On this day, Romulus became Rome’s first King in 753 BC. Romulus was the son of Aeneas and Latinus, the founder of the kingdom of Latium. The legend of Romulus is a combination of myths and facts. He and his twin brother, Remus, were left by a riverside near Palatine Hill after their mother was taken prisoner. The siblings were supposed to be tossed into the river, but servants took pity on them and disobeyed orders.
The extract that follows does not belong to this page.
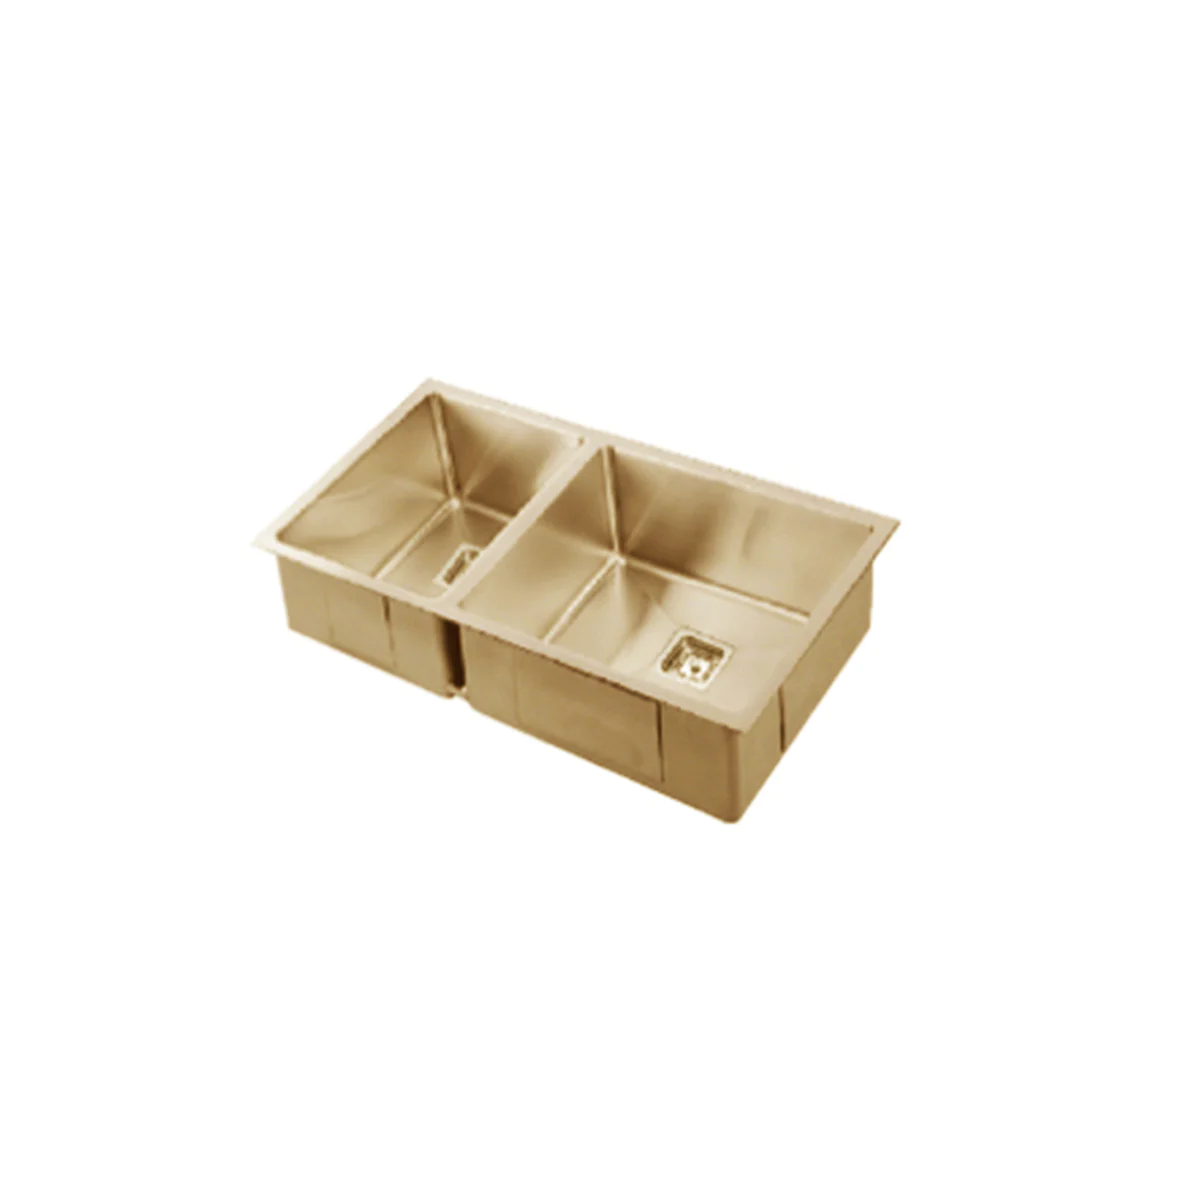 VEROTTI INOX 1 1/2 BOWL UNIVERSAL STAINLESS STEEL KITCHEN SINK BRUSHED BRASS 670MM (AVAILABLE IN LEFT OR RIGHT CONFIGURATION)

A she-wolf discovered the abandoned twins, and suckled and sheltered them in a cave until they were found by a shepherd. The shepherd and his wife raised them until manhood. Everything went well until the boy’s true identity was revealed. They took revenge and returned to the hillside where they were raised to erect a new city. A fight broke out, and Romulus killed his brother Remus (or so goes one version of the story).
Romulus continued with the plan to establish a city. To do this was no small feat. After marking out the city’s borders, he needed to fill the inner circle with people. Romulus picked 100 men from the best families, and he formed a government, levied taxes, and even made class distinctions — servants, free men, fugitives seeking protection, prisoners of war were known as “plebs.” Anyone outside that class were called, “patricians.” Romulus reigned as king of his city for 37 years before mysteriously disappearing during a tumultuous storm.